Mark Phelps

Current position
- Title: Assistant coach
- Team: Loyola Marymount
- Conference: WCC

Biographical details
- Born: January 22, 1966 (age 60) Dayton, Ohio, U.S.

Coaching career (HC unless noted)
- 1996–2006: NC State (assistant)
- 2006–2008: Arizona State (assistant)
- 2008–2013: Drake
- 2013–2014: Missouri (assistant)
- 2014–2015: Marquette (assistant)
- 2015–2019: Arizona (assistant)
- 2020–2024: Prolific Prep (CA)
- 2024–present: Loyola Marymount (assistant)

Head coaching record
- Overall: 77–86 (.472)

= Mark Phelps =

American basketball player-coach

Mark Edward Phelps (born January 22, 1966) is an American basketball coach who is currently an assistant coach at Loyola Marymount University.

==Coaching career==
Prior to his current job, Phelps was an assistant at the University of Arizona from 2015-2019. Phelps spent the 2013–14 season as an assistant coach for Marquette University.
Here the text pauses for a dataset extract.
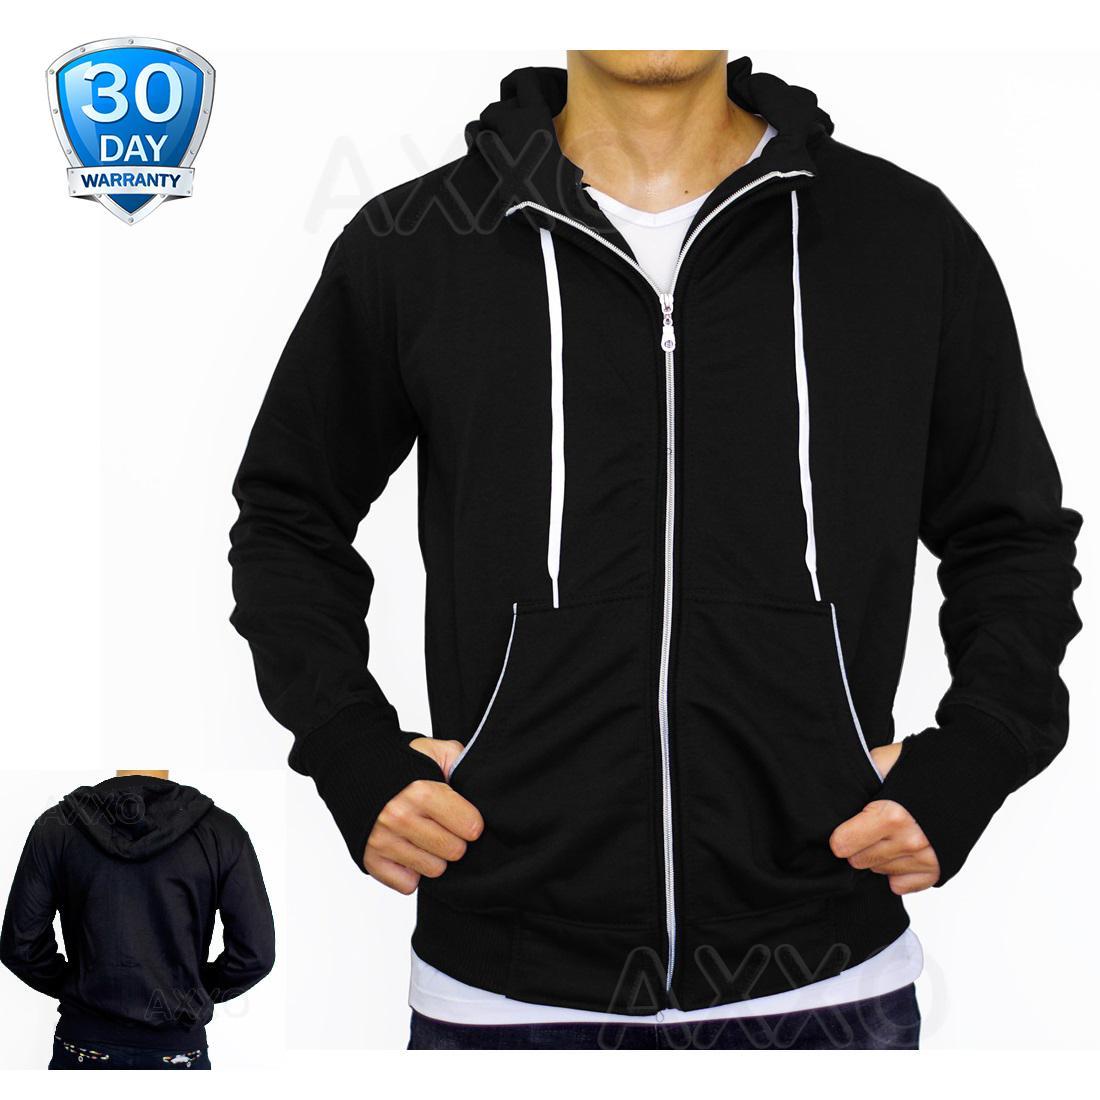 AXXO Jaket Pria Sweater Hoodie Zipper Polos Jaket Korea Jaket Suiter - Jaket Sweater Pria - AX004
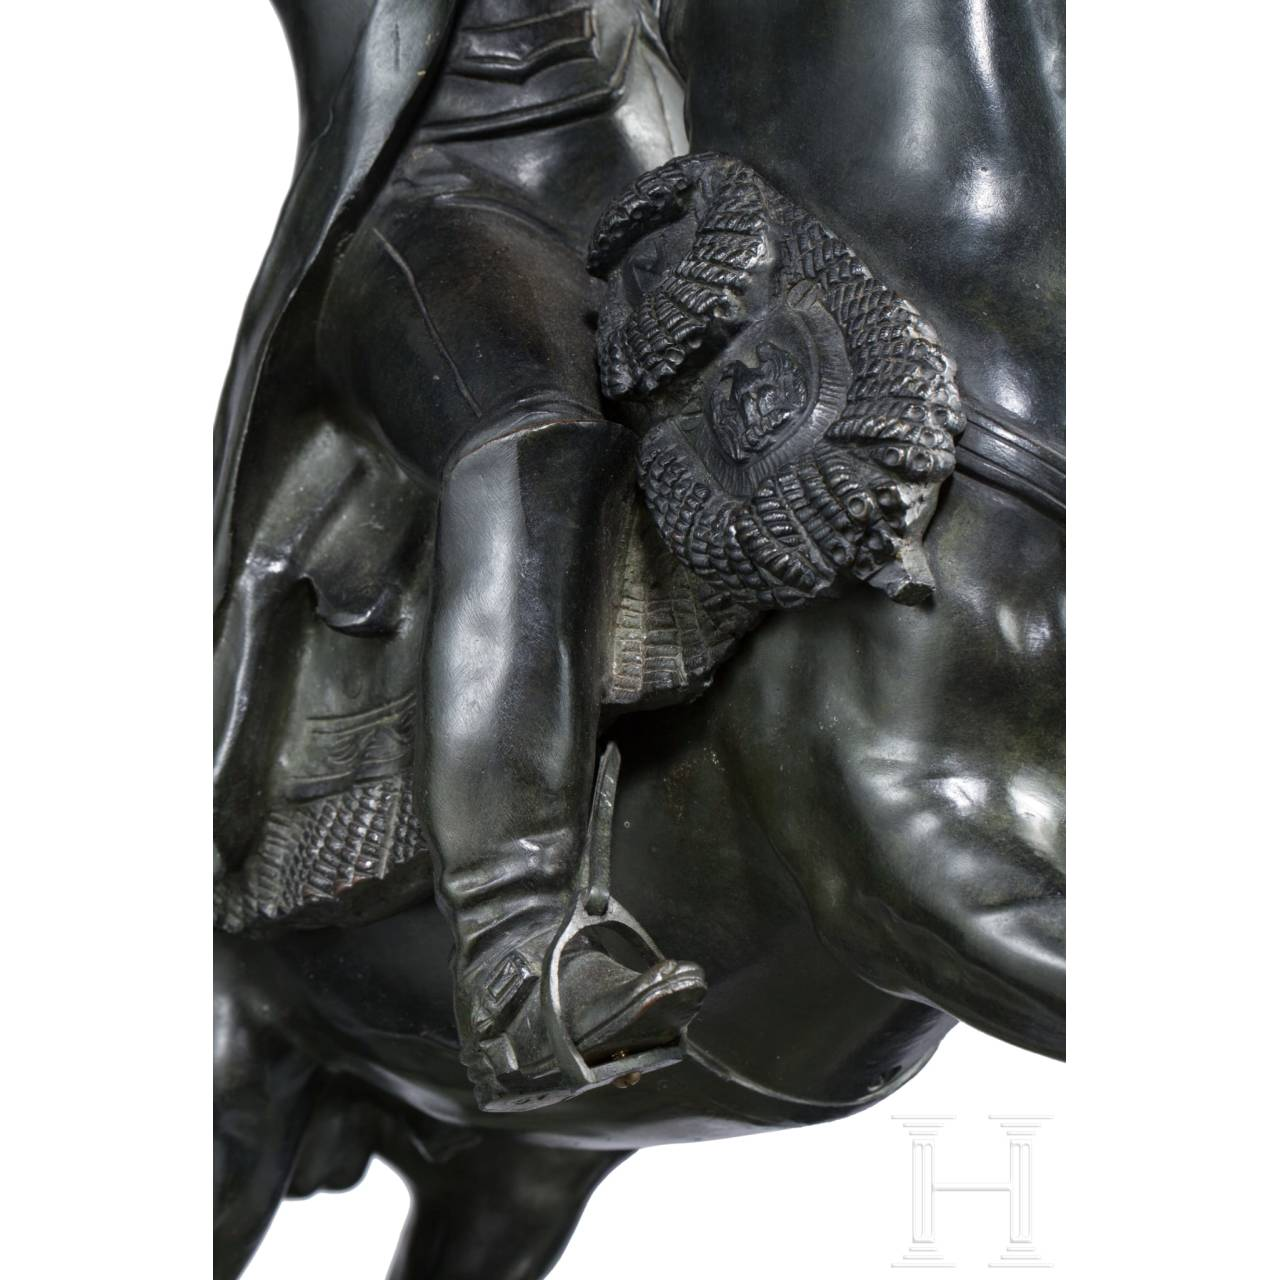 A monumental bronze figure of Emperor Napoleon I on a rampant horse

His most recent NCAA head coaching job was with the Drake University men's basketball team. He was named the 25th head basketball coach at Drake University and successor to Keno Davis on April 21, 2008. He was fired by Drake on March 14, 2013. He has a B.S. in physical education from Old Dominion University, which he received in 1996, and is a 1984 graduate of Kempsville High School in Virginia Beach, Virginia.

On May 18, 2015, Phelps was hired as an assistant to Sean Miller's staff at the University of Arizona. Phelps was hired to replace assistant Damon Stoudamire who left to return to his old position under Josh Pastner at the University of Memphis.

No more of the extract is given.